■ **Your objective**: Omitting the pictures, print every line below exactly as it stands.

■ **Data provided**:

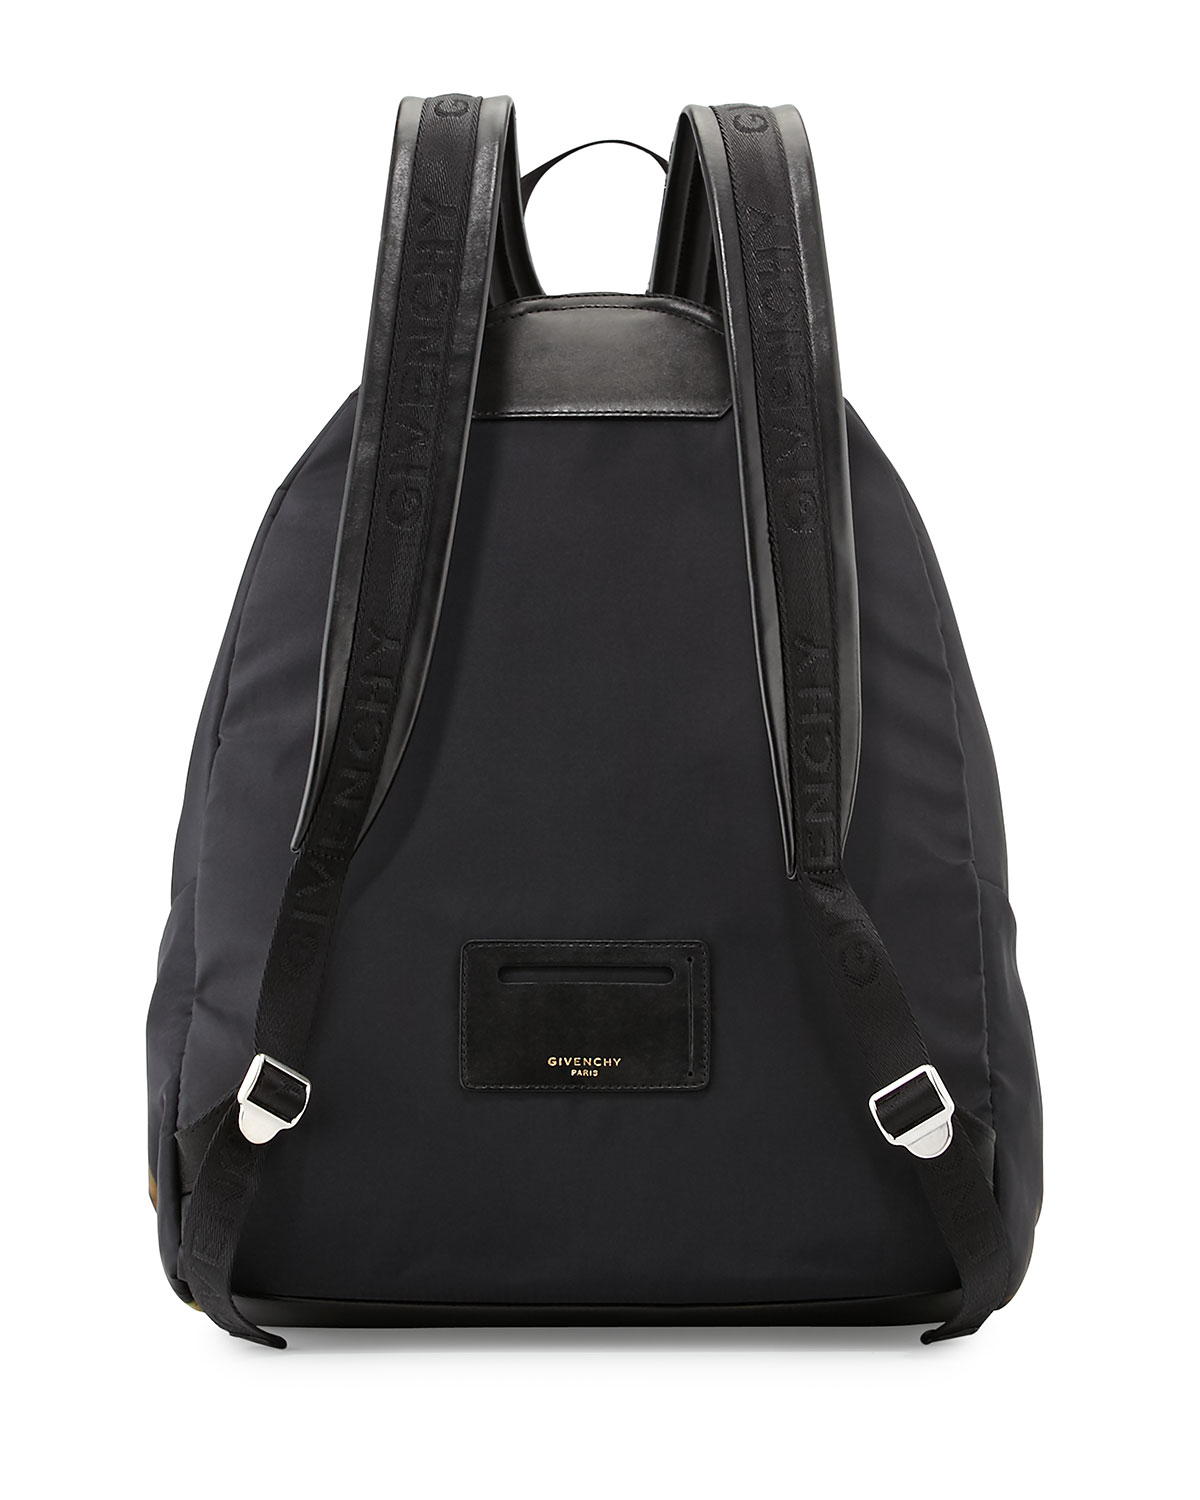 Lyst - Givenchy Skull-graphic Backpack in Black for Men
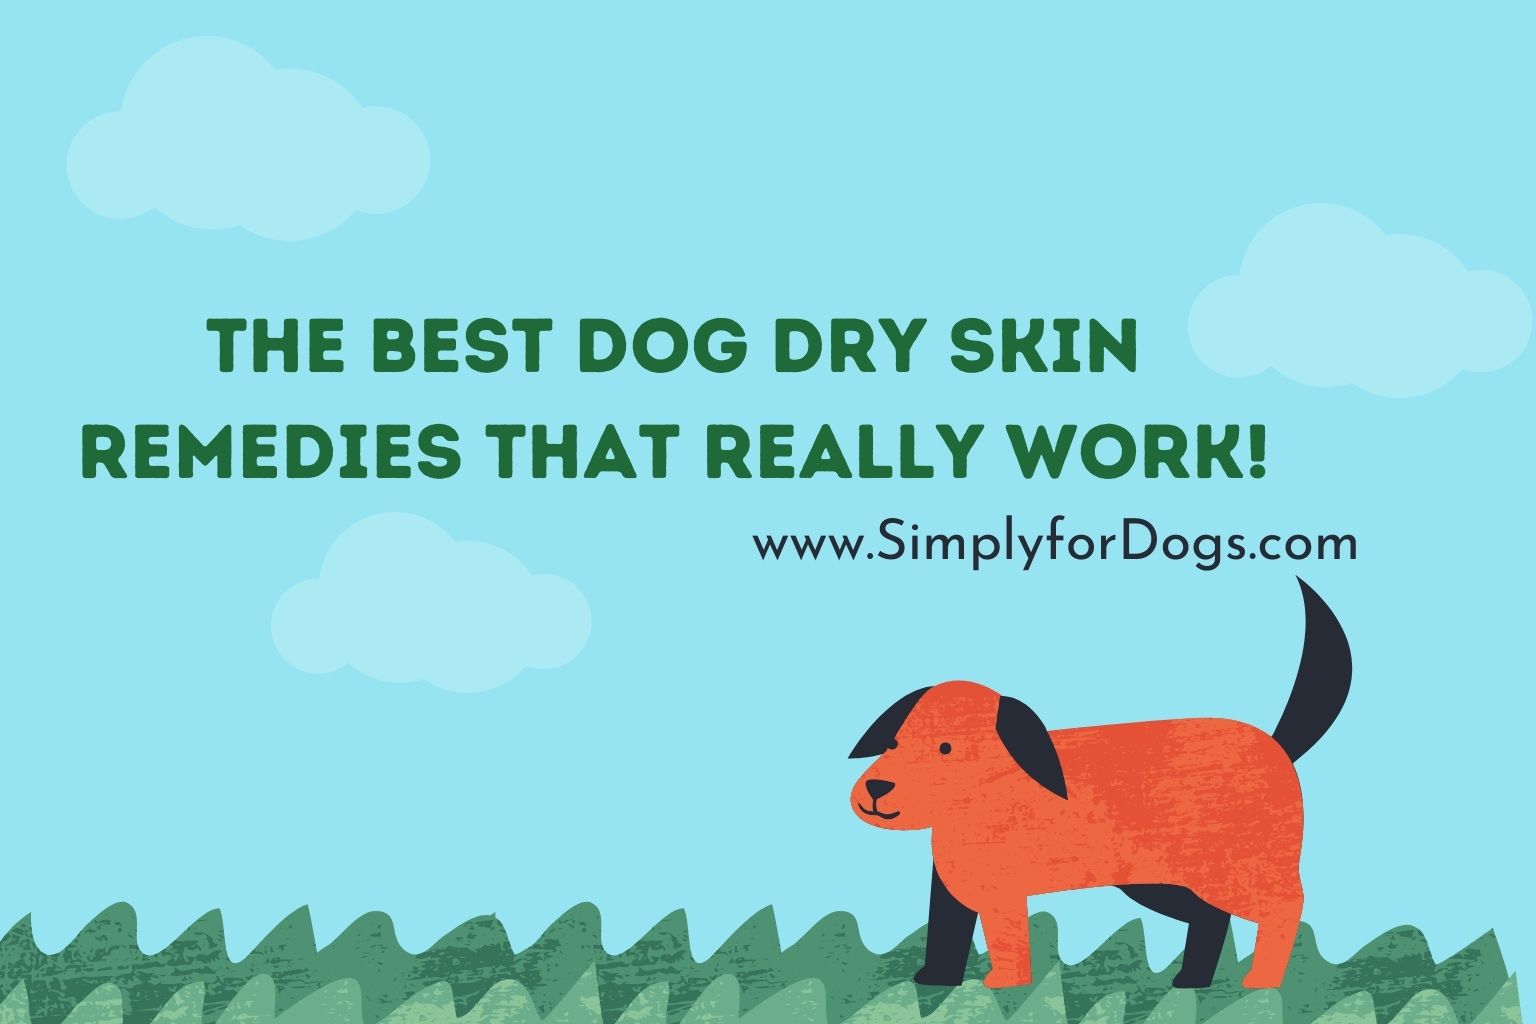 The Best Dog Dry Skin Remedies That Really Work!
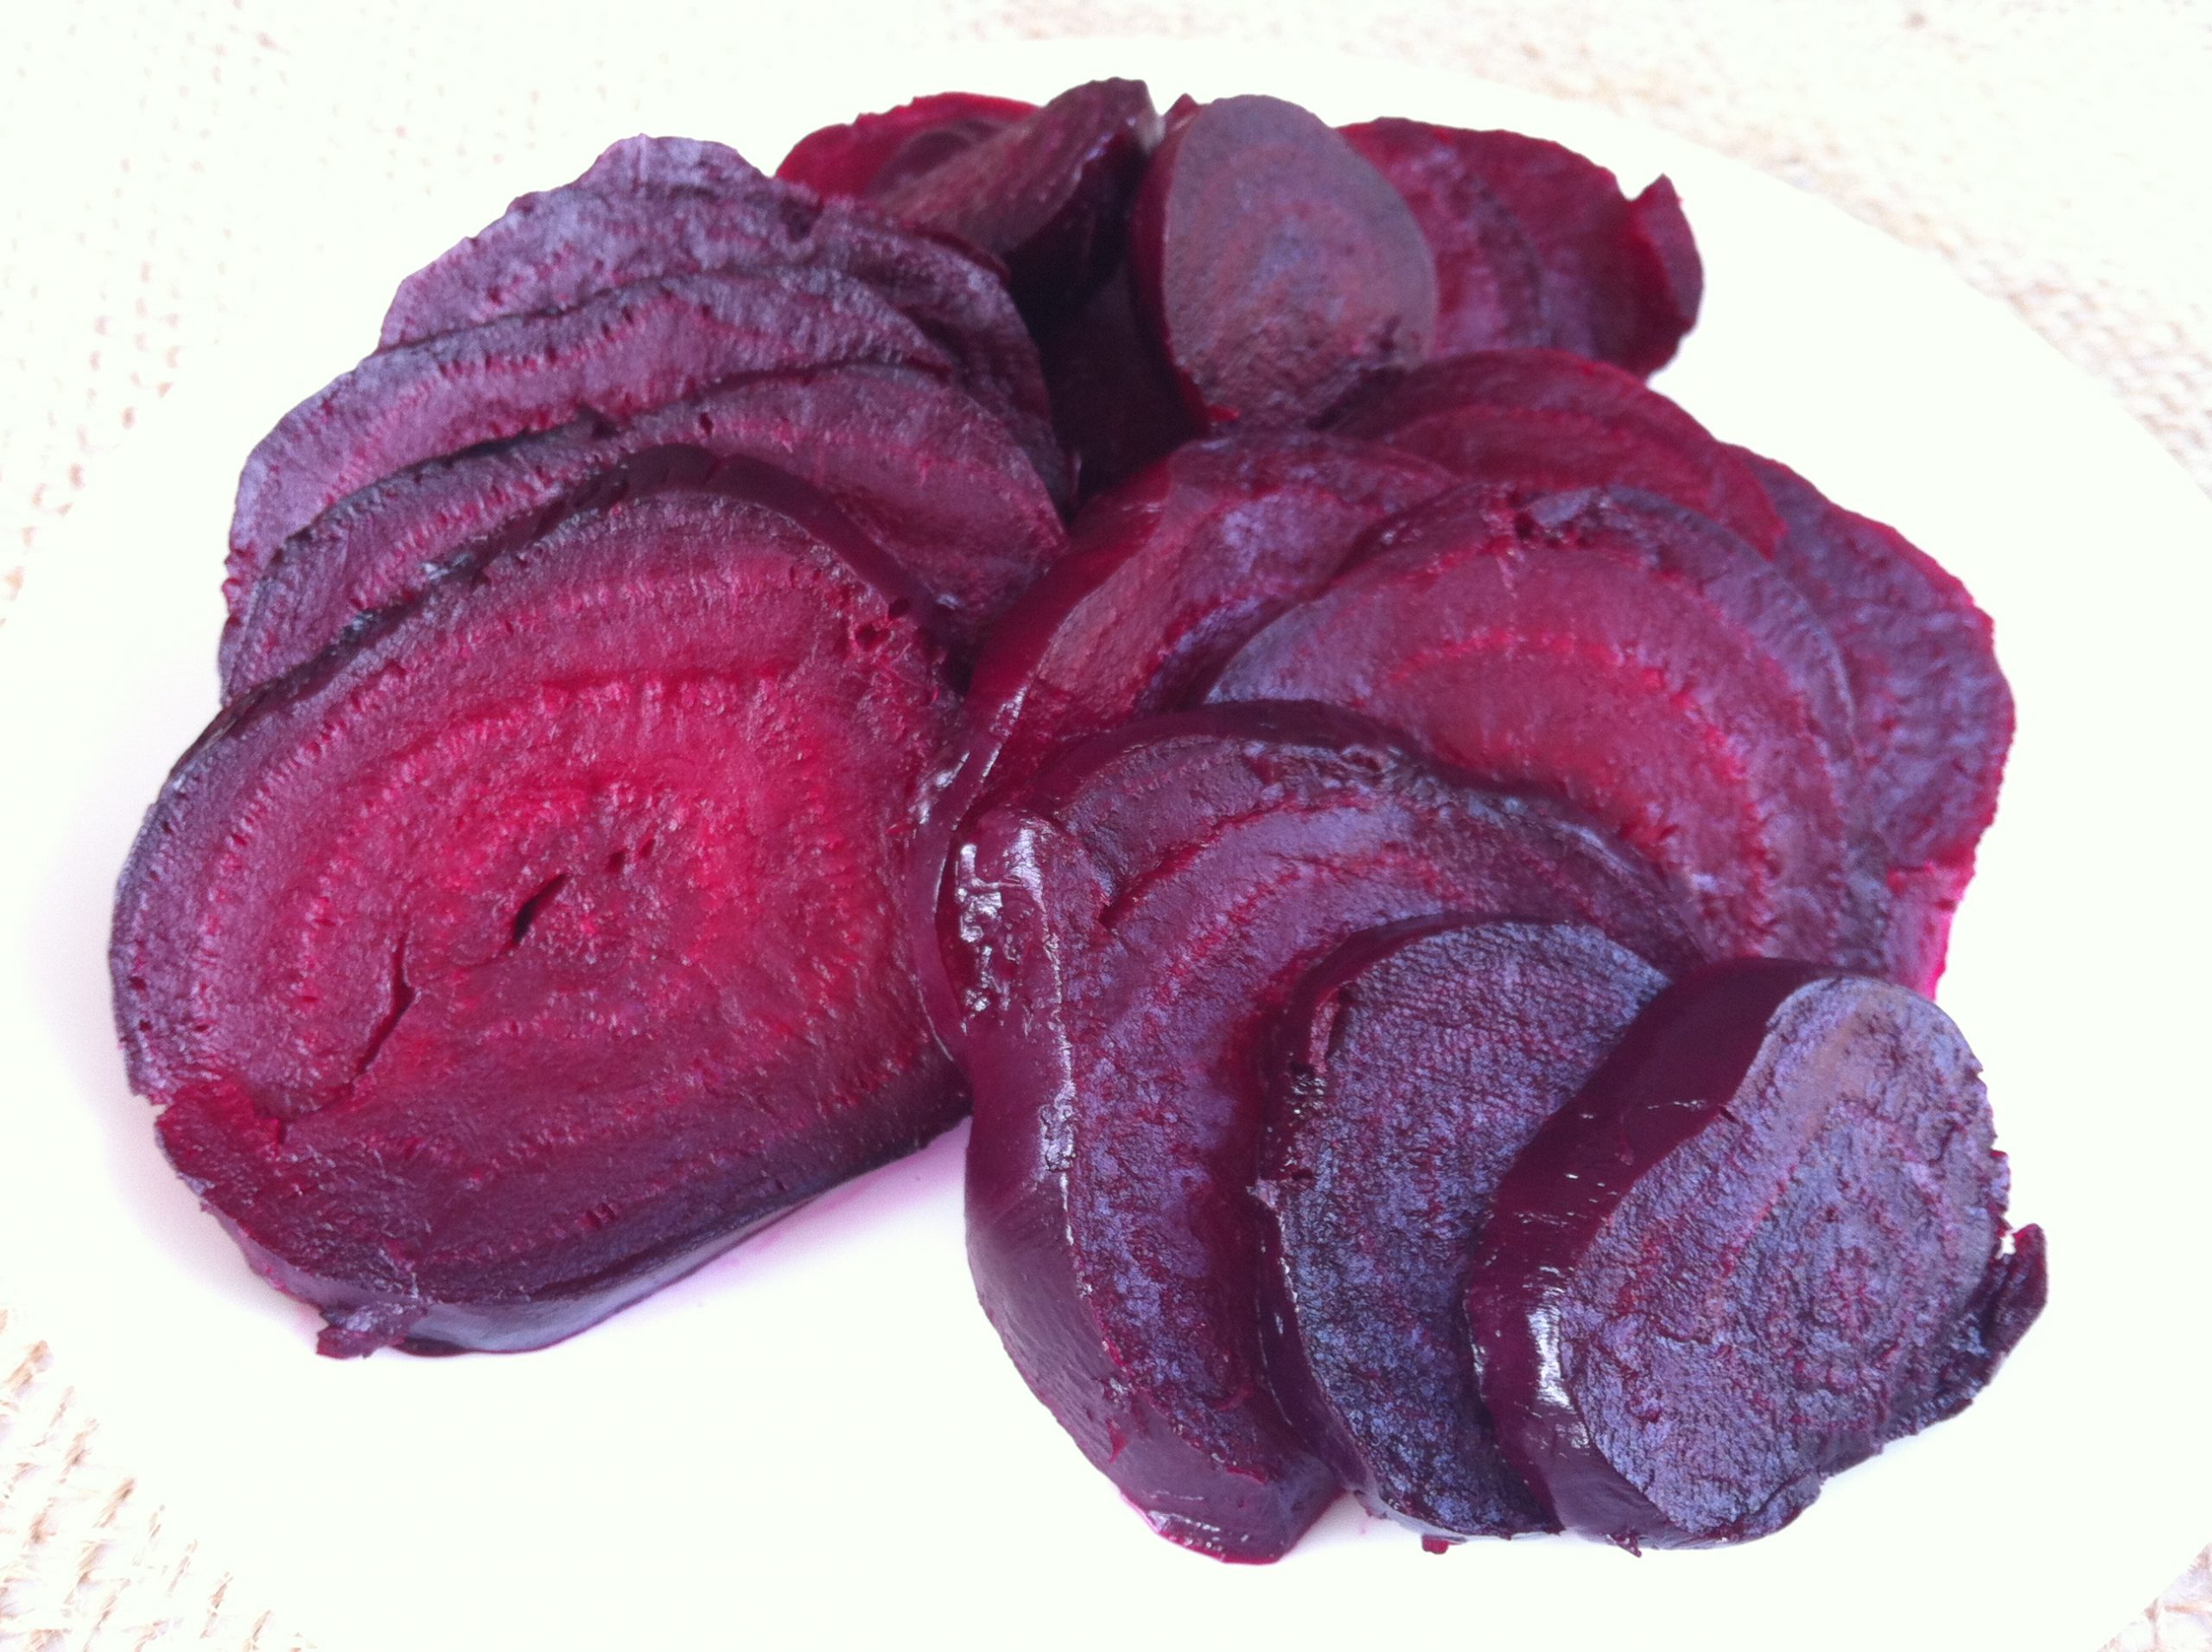 Recipe for roasted beets - sliced
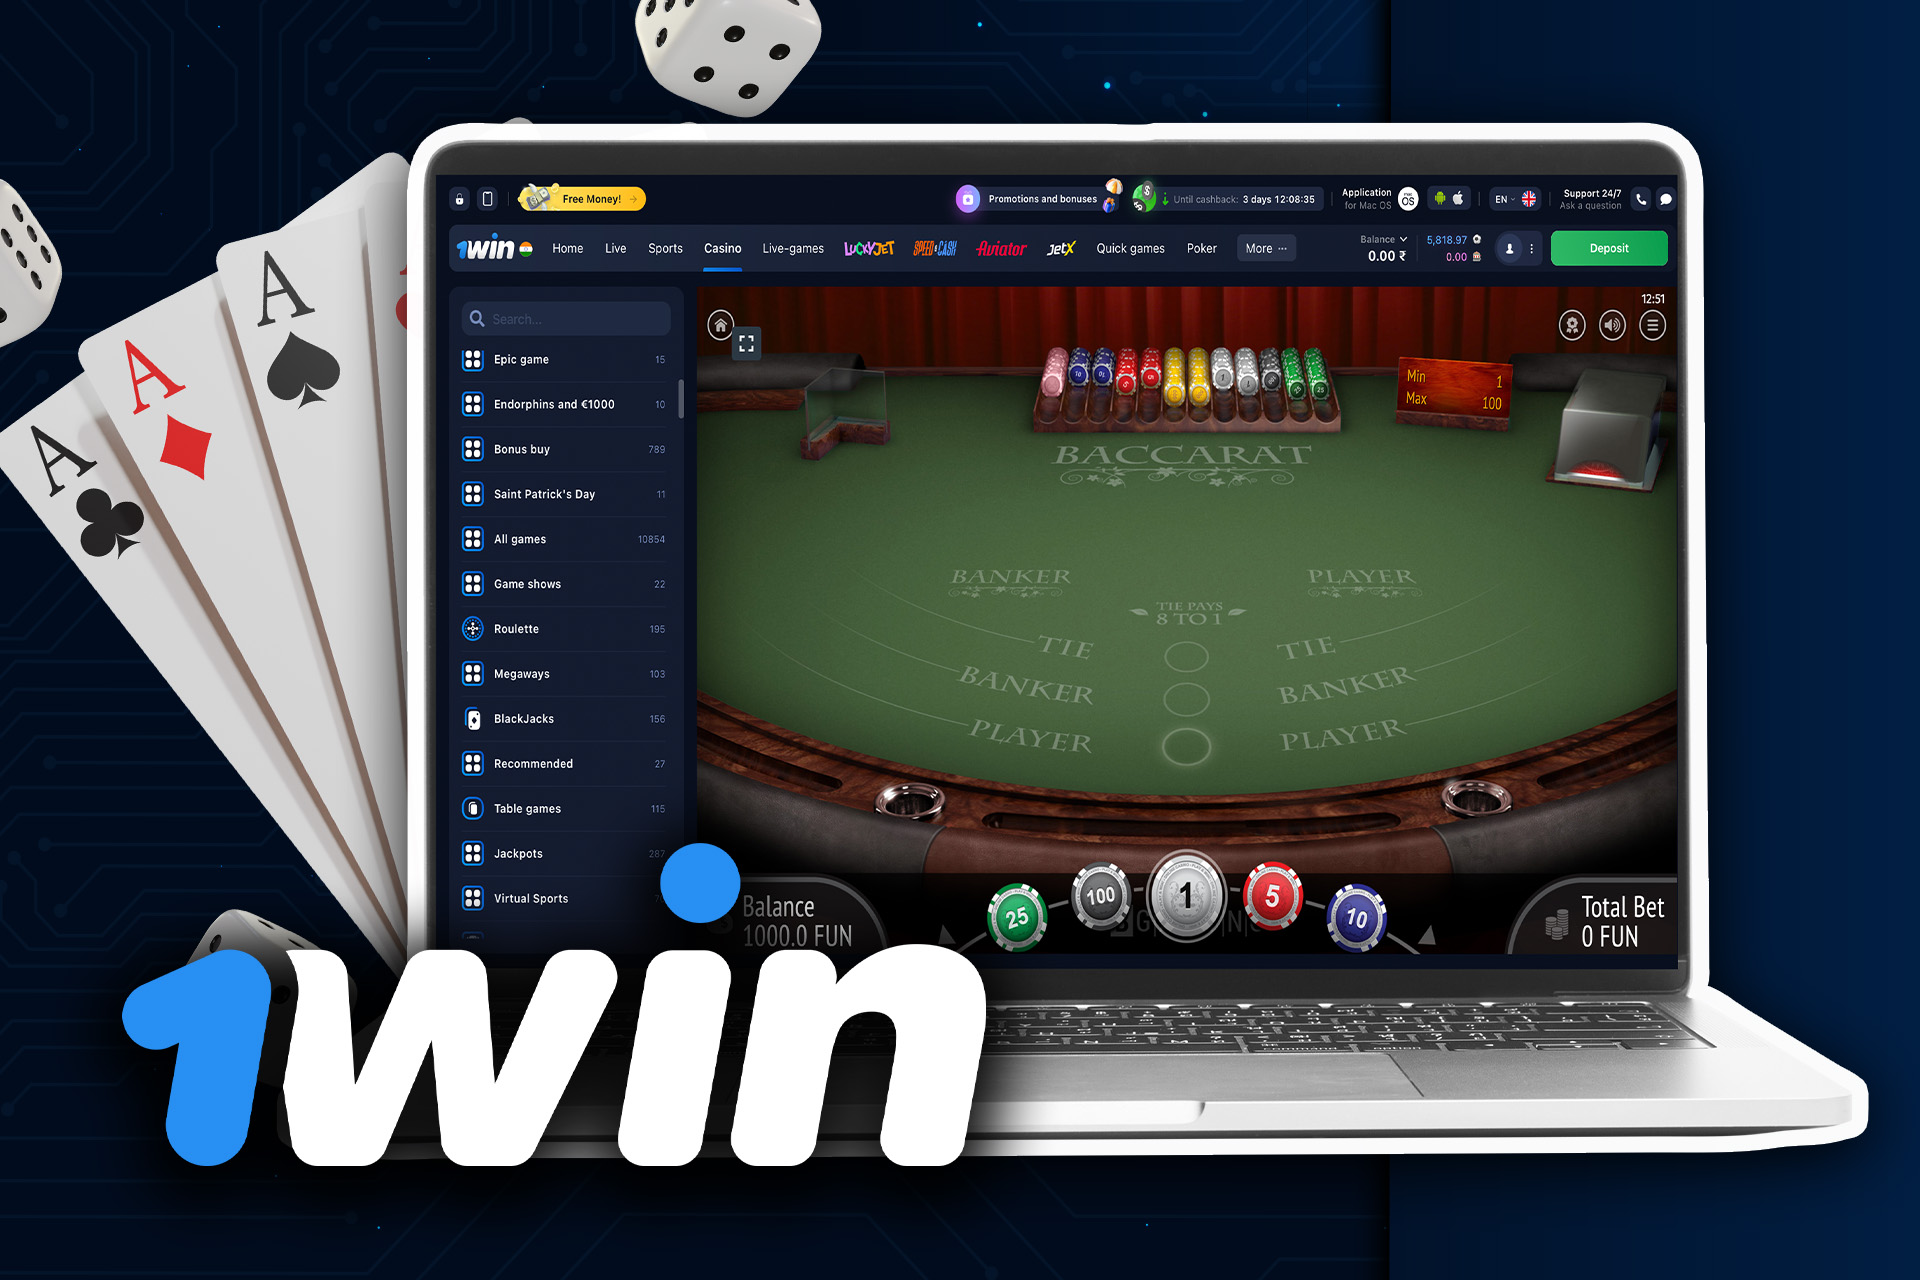 1win also offers to play baccarat - a traditional card game.

■ **Answer space**:
 Lyst - Givenchy Skull-graphic Backpack in Black for Men
 The Best Dog Dry Skin Remedies That Really Work!
 Recipe for roasted beets - sliced
 1win also offers to play baccarat - a traditional card game.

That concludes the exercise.